------ SUPPLIED RECORDS ------

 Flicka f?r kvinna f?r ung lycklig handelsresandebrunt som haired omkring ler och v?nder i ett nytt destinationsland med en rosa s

------
------ SUPPLIED RECORDS ------

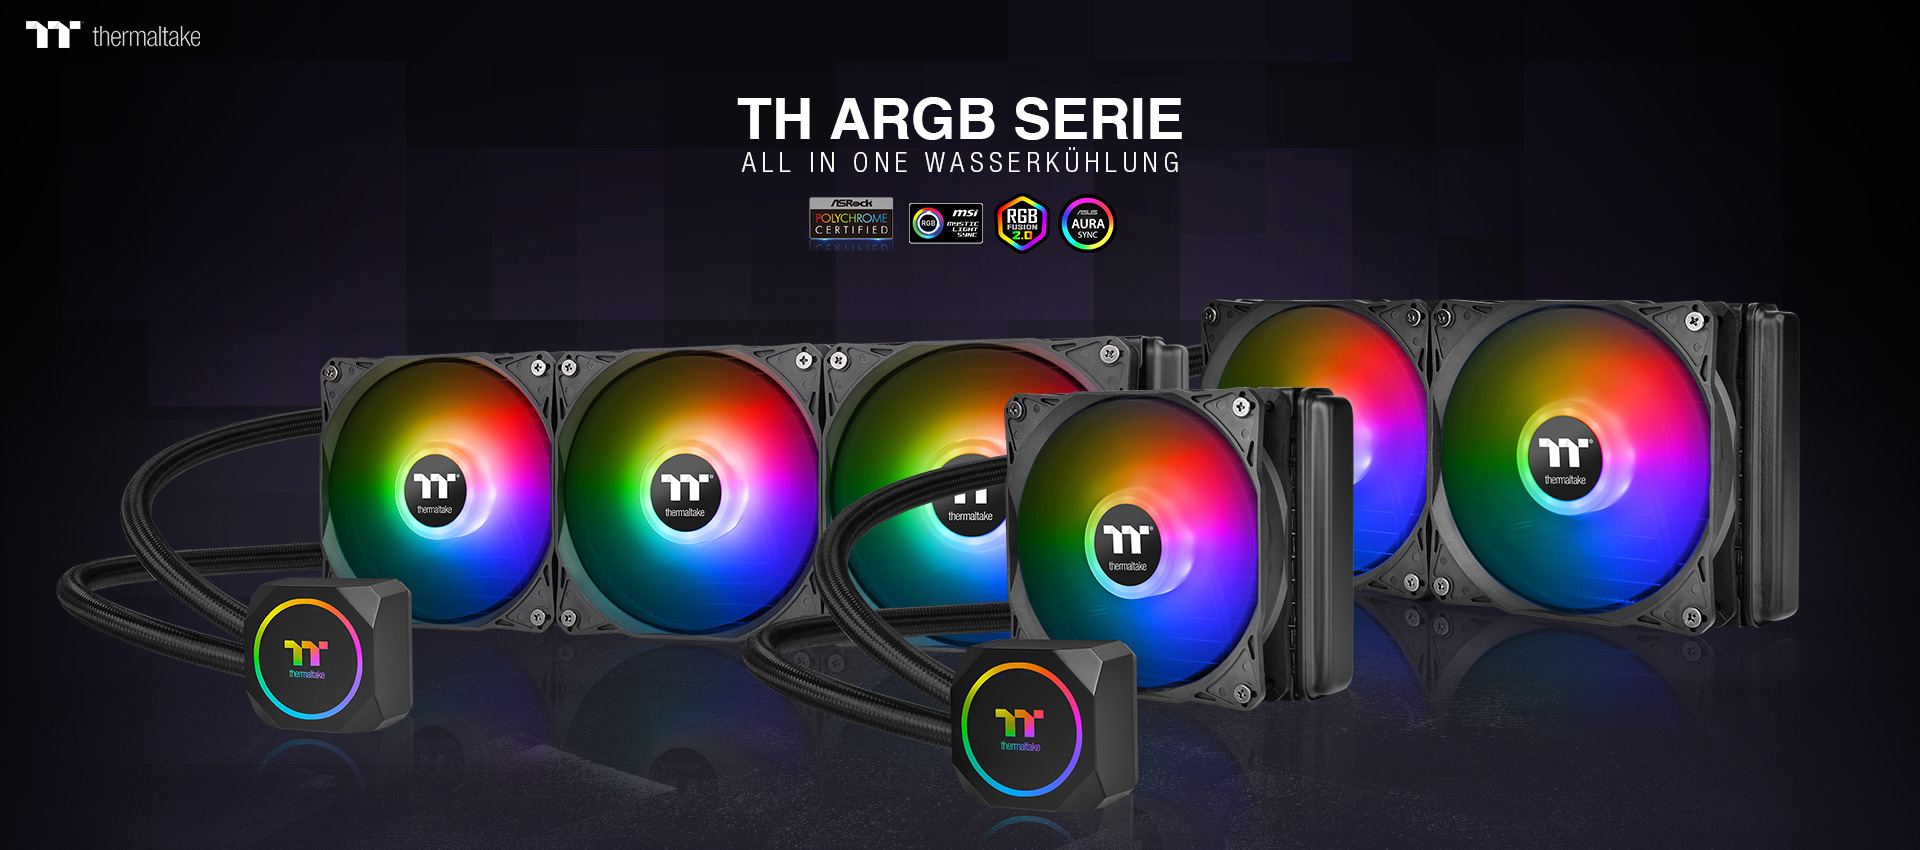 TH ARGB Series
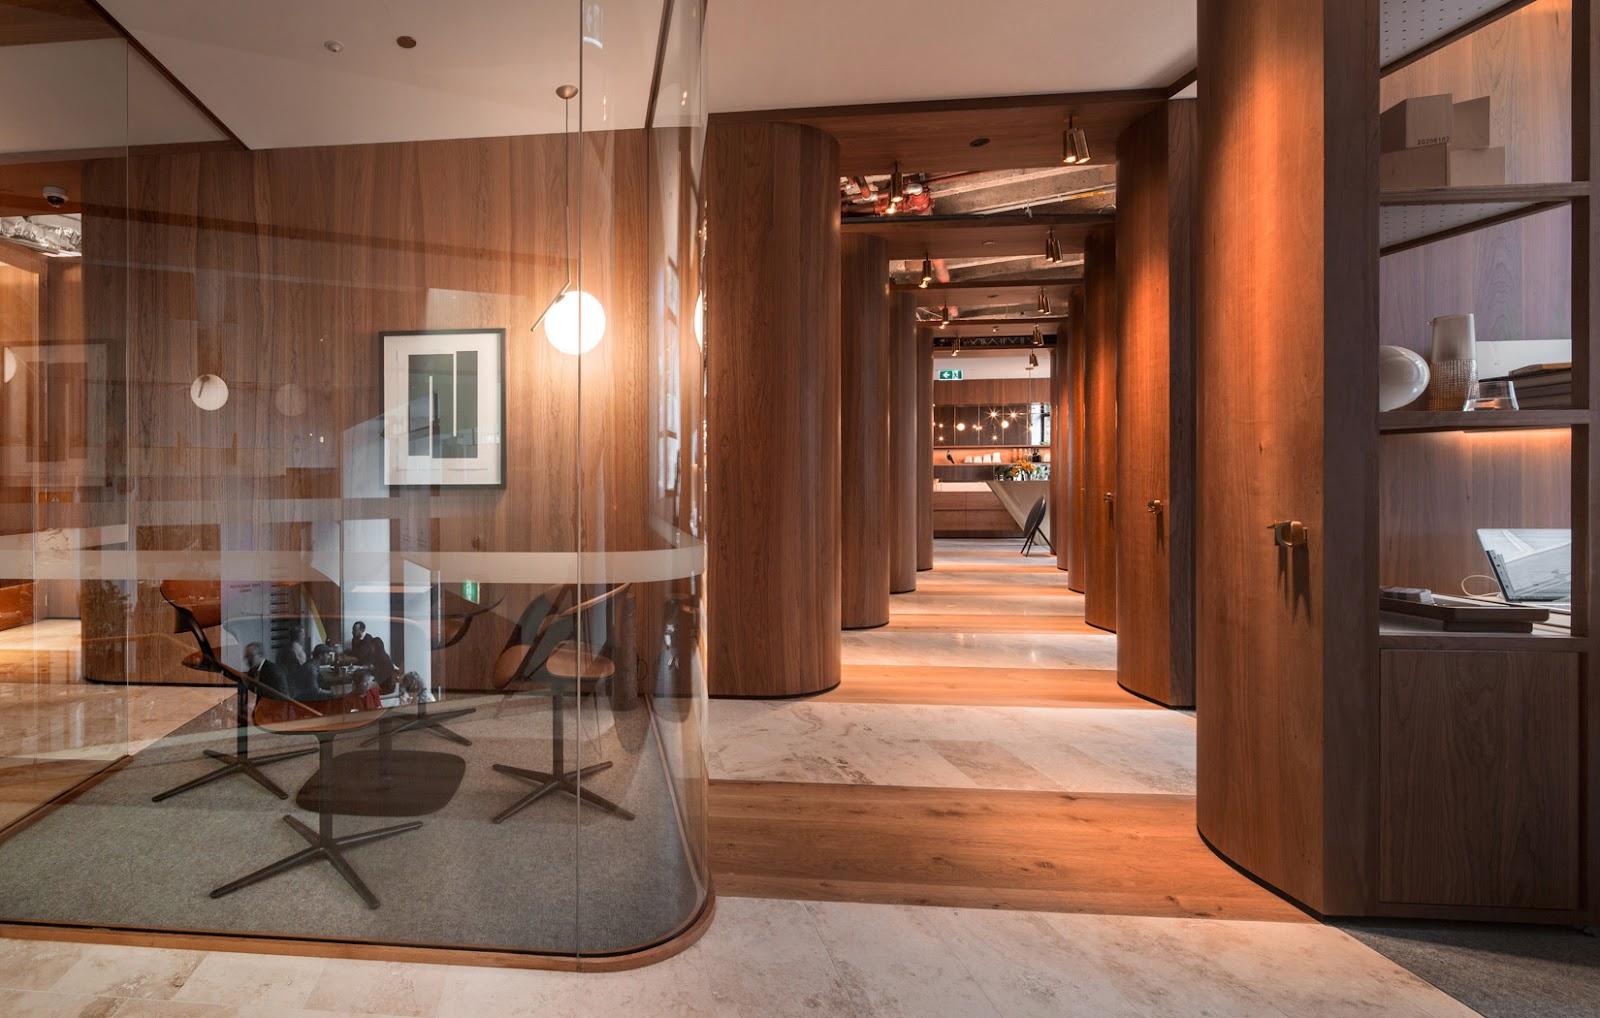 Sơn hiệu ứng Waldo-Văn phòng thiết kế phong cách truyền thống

------
------ SUPPLIED RECORDS ------

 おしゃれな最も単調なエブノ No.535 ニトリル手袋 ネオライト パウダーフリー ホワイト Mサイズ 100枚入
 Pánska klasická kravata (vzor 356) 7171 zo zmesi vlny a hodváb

------

Could you repeat, exactly, only the lines above starting at the one that has "TH ARGB Series" and stopping after the one that has "Sơn hiệu ứng", without the pictures?

RESULT:
 TH ARGB Series
 Sơn hiệu ứng Waldo-Văn phòng thiết kế phong cách truyền thống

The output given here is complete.